Their ranks have been boosted by frustration at the US occupation, a growing number of shootings of Iraqi civilians and by abuse of prisoners in US-manned jails.

"Our brother Karim ibn al-Karim bin al-Karim, along with a group of mujahideen, targeted ... what should be called the hotel of the Jews because it is their safe-haven and stronghold," Al Qaeda Organisation for Holy War in Iraq said in a statement posted on an Islamist website.

"The mujahideen opened fire on the police and guards protecting the Jews and when the entrance was clear, the hero ... blew up the infidels," the group said, adding that the attack was timed to avoid harming any Muslim passers-by.

Huge plumes of thick smoke blackened the Baghdad sky as police, ambulances and fire engines rushed to the hotel that is used by the Iraqi police and their foreign instructors.

Hospital officials said two policemen were killed and dozens of others taken to hospital for treatment.

In a separate attack in Baghdad, a roadside bomb killed a US soldier on Wednesday and wounded another, the military said. Since the invasion in March 2003, at least 1505 US soldiers have died in Iraq, 1150 of them killed in action.

In Qaim, 500km west of Baghdad, the bodies of 26 people, including one woman, were found. A doctor said the victims, in civilian clothes, had been shot two days ago.

Fifteen bodies - some shot, others beheaded - were found just south of Baghdad in the Sunni-dominated area now known as the "triangle of death", Iraqi army sources said.

In the southern city of Basra, a roadside bomb killed one policeman, police said.

Insurgents have vowed to push their campaign until US forces and their allies have left.

An Iraqi militant group, Islamic Army in Iraq, posted an Internet video showing two Sudanese hostages urging other drivers in Iraq not to work with occupation forces.

The group said the men, identified as "the criminals" Mohammed Haroun Hamad and Maher Ataya, would be brought before an Islamic committee to decide their fate. They were employed by a Turkish firm as drivers at an airbase north of Baghdad.

"This work is an abandonment of Islam. I advise others to leave any work with the occupying infidel because the hand of justice will reach them wherever they are," the hostages said, reading from a statement.

The insurgents have tried to tap into the frustration many Iraqis feel over what they say is harassment by US soldiers.

Controversy over US tactics in Iraq has been stoked by the fatal shooting of an Italian secret agent during a hostage rescue, and the accidental killing of a Bulgarian soldier.

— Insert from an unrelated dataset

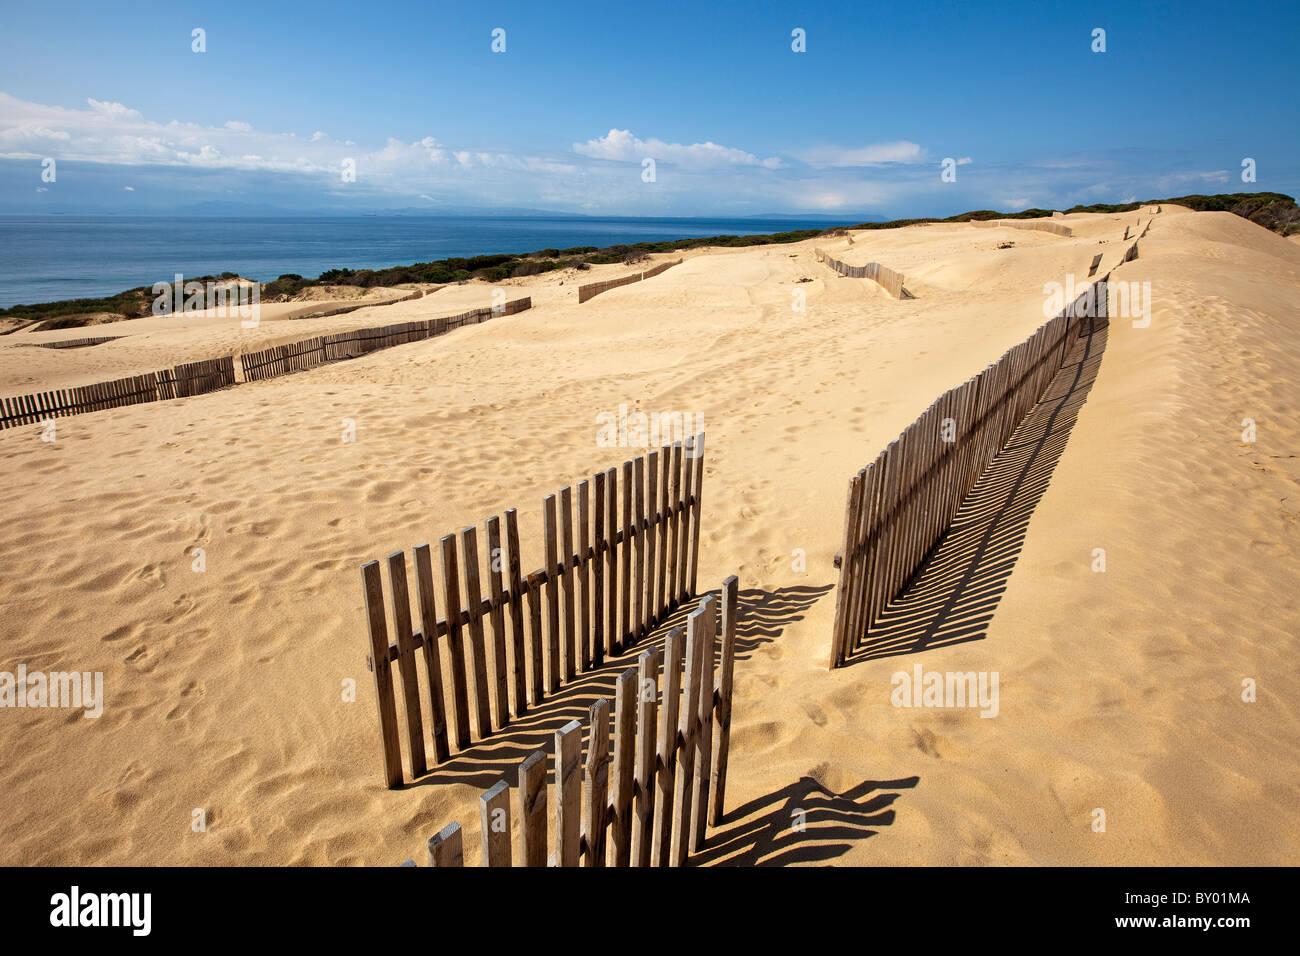 Dunas Playa Punta Paloma Tarifa Cádiz Andalucía España Dunes Beach Punta Paloma Spain Andalucía - Stock Image

Italy said on Wednesday US president George W Bush, in a letter to president Carlo Azeglio Ciampi, had promised Rome a "fast and thorough" joint investigation into the killing by US troops of the agent who was rescuing a hostage.

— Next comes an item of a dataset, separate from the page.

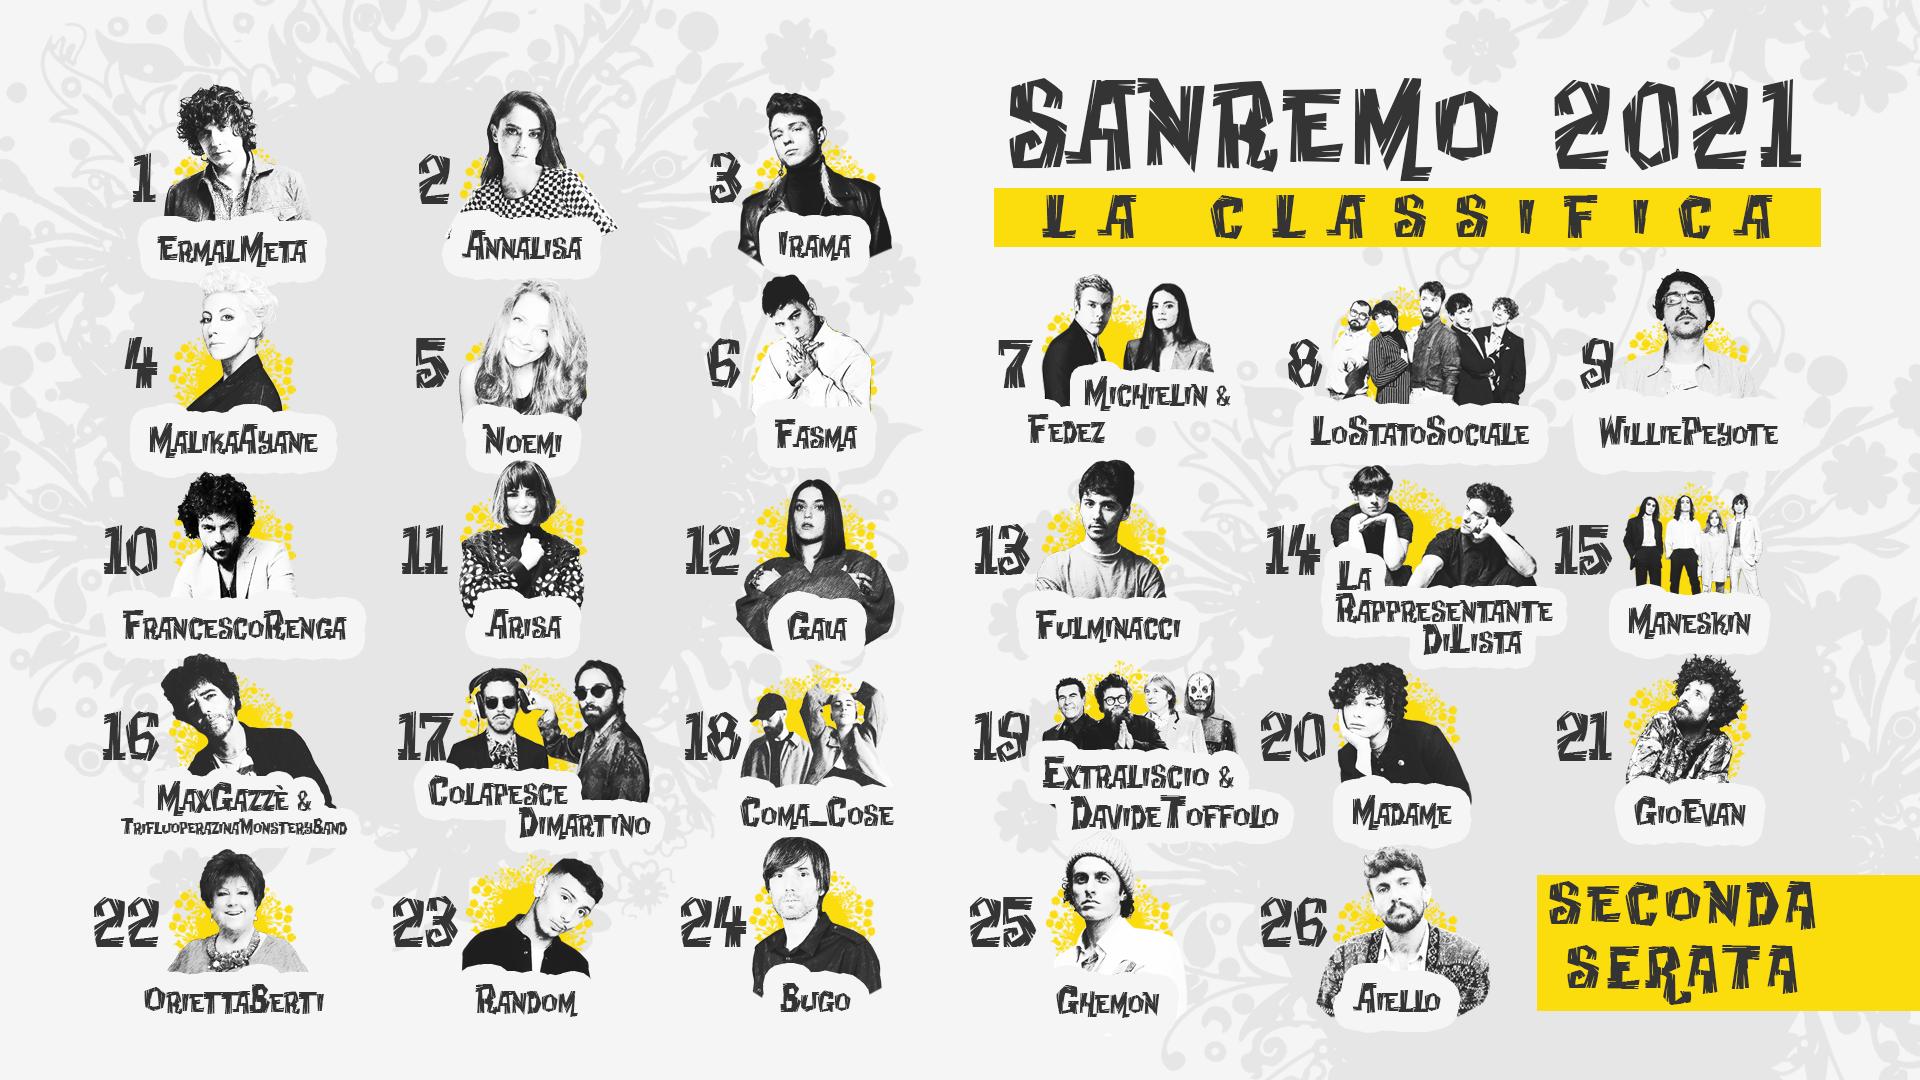 Sanremo 2021, la classifica ufficiale della seconda serata vs la classifica di Open

The Italian government has rejected an initial US account of how its soldiers fired on agent Nicola Calipari's vehicle as it approached Baghdad's airport on Friday, killing him and wounding newly freed hostage Giuliana Sgrena.

The US military said it had not been informed that Calipari was heading to the airport and his car ignored signals to slow down as it sped towards a checkpoint.

Bulgaria, a US ally which has 430 troops in Iraq, has also accused US troops of accidentally killing a Bulgarian soldier and demanded a full investigation. Bulgaria's army chief of staff, Nikola Kolev, said on Wednesday a lack of communications between Bulgarian and US troops was to blame.